Deleting files, as most administrators know, offers practically no 
protection against retrieval. Zeroing out a disk is little better 
(although it's pretty good when done twice) and even reformatting 
removes just pointers to files rather than the files themselves. 
Tran's recommendation: if you want to prevent data from being 
retrieved, drill a hole in your disk. 

Carlos Osorio presented research questioning the very foundations of 
software licensing. Far from being a form of piracy, the spread of 
unlicensed software in new markets creates a bigger market for 
licensed versions. 

This is not simply a matter of familiar network effects. Native users 
offer the best possible marketing. Why spend hundreds of thousands of 
dollars exporting marketing staff and a canned strategy to a place 
with a different culture, when end-users copying your software can 
talk it up with all the friends and colleagues for you? 

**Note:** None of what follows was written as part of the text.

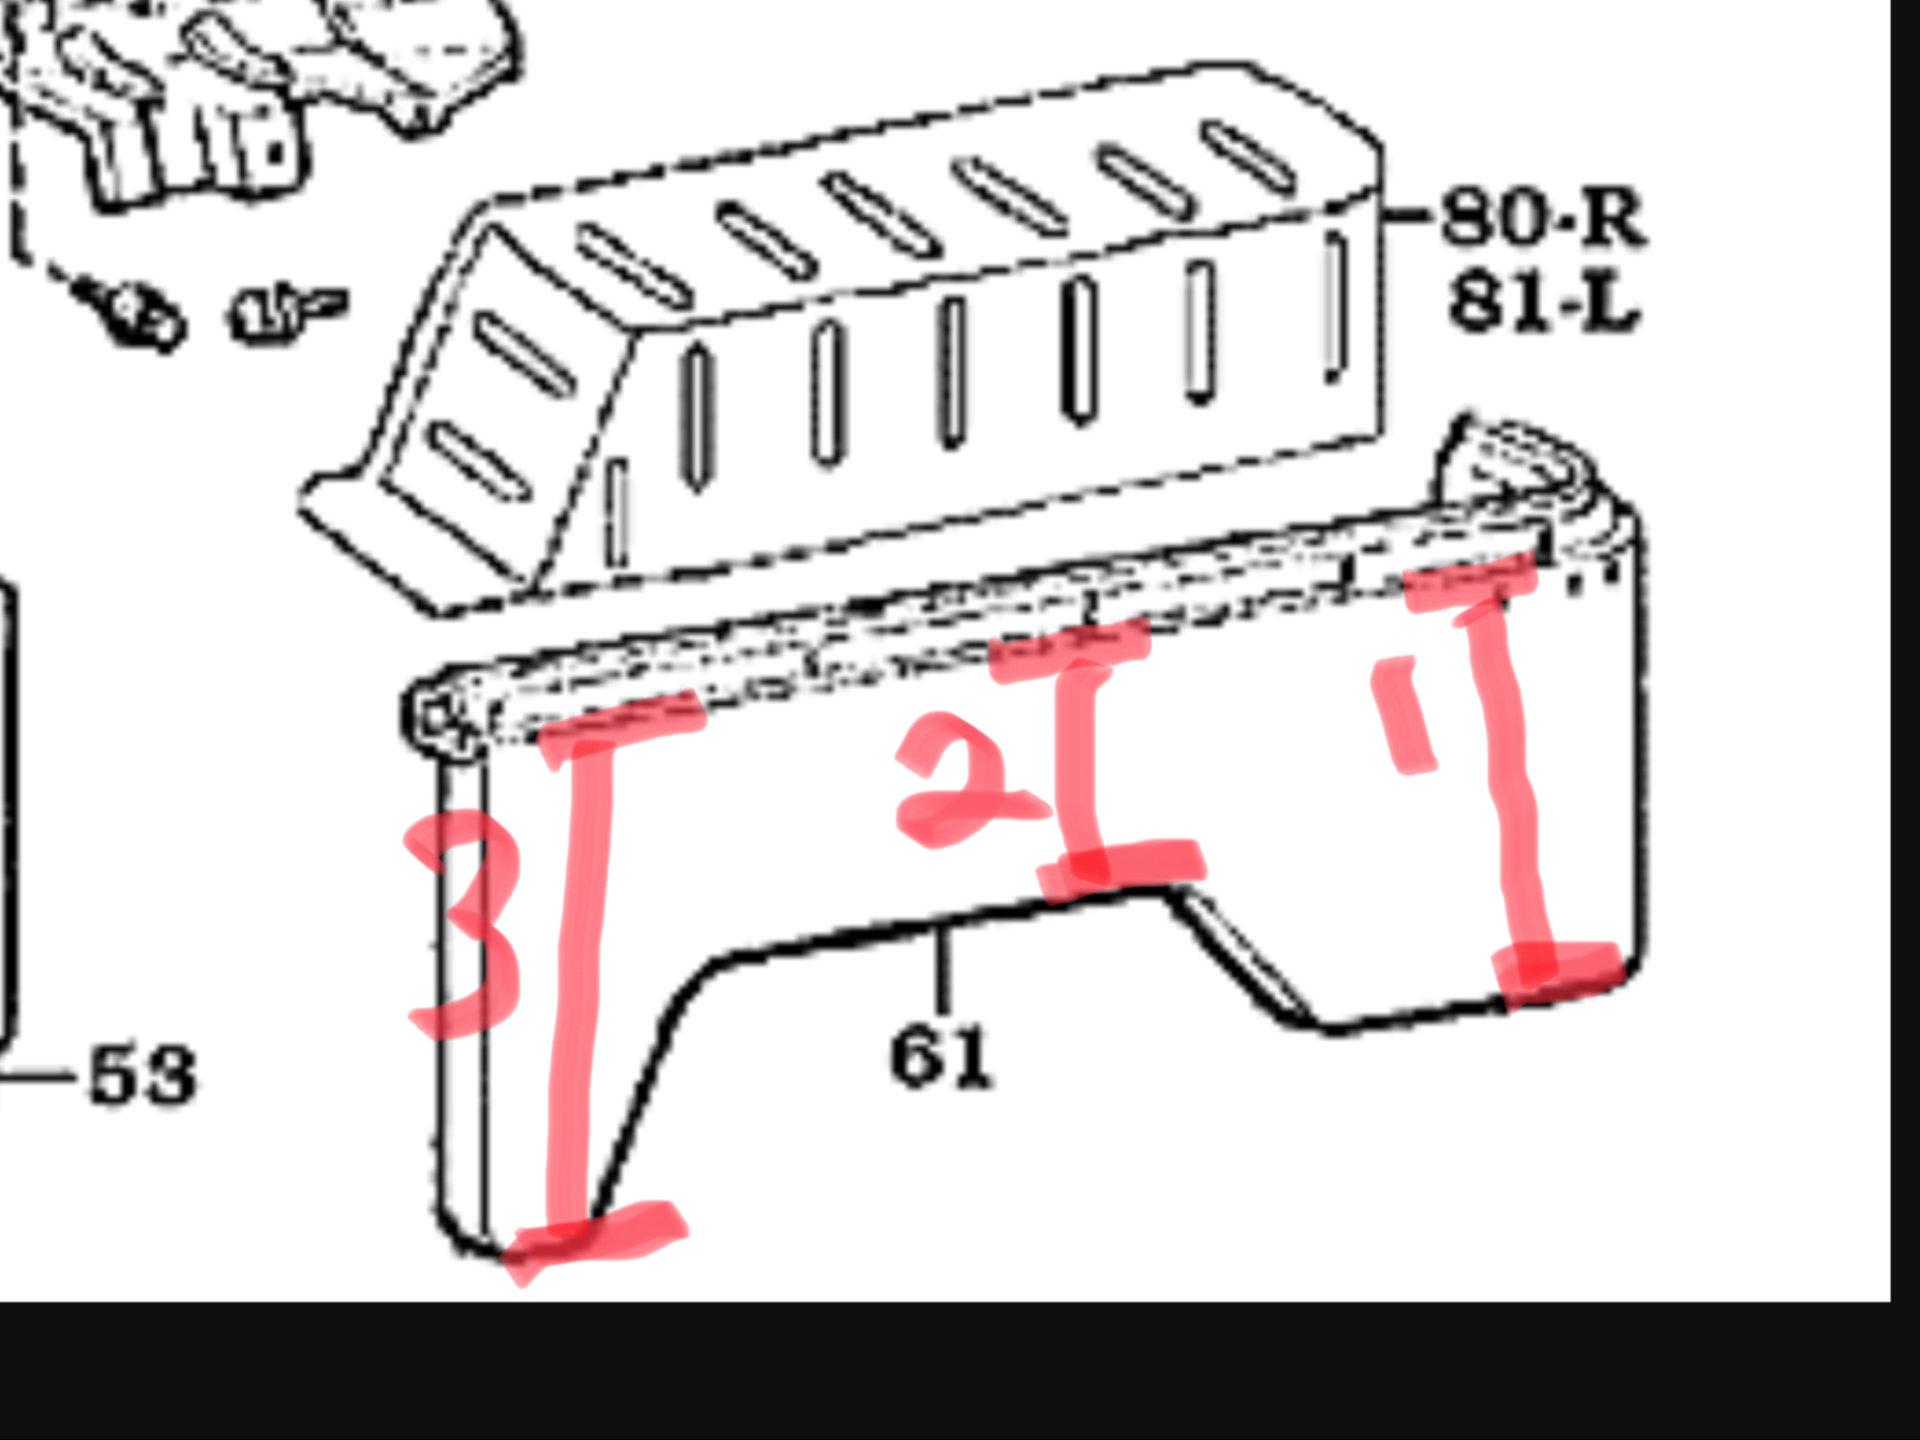 AFDBE31C-F1C2-4F53-9C98-CA5488010D85.jpeg

While Carlos suggested several ways proprietary software companies 
can make their licenses more appealing--such as offering good 
customer service or releasing new versions frequently--he ultimately 
recommended the ultimate approach as the most natural approach to 
gaining markets: distributing free and open source software. 

The conference was long but never tedious; tiring but not exhausting. 
Several of us came away with new energy as well as new ideas of where 
to apply it. I felt great pain thinking that many of the areas where 
good work is being done may soon see it all swept away by the storms 
and floods caused by global warming. But as much as we can bring 
people to the Internet and the Internet to the people, we can 
increase discussion of this and other critical issues facing us 
today. 


Andy Oram is an editor at O'Reilly & Associates, specializing in 
books on Linux and programming. Most recently, he edited Peer-to-
Peer: Harnessing the Power of Disruptive Technologies.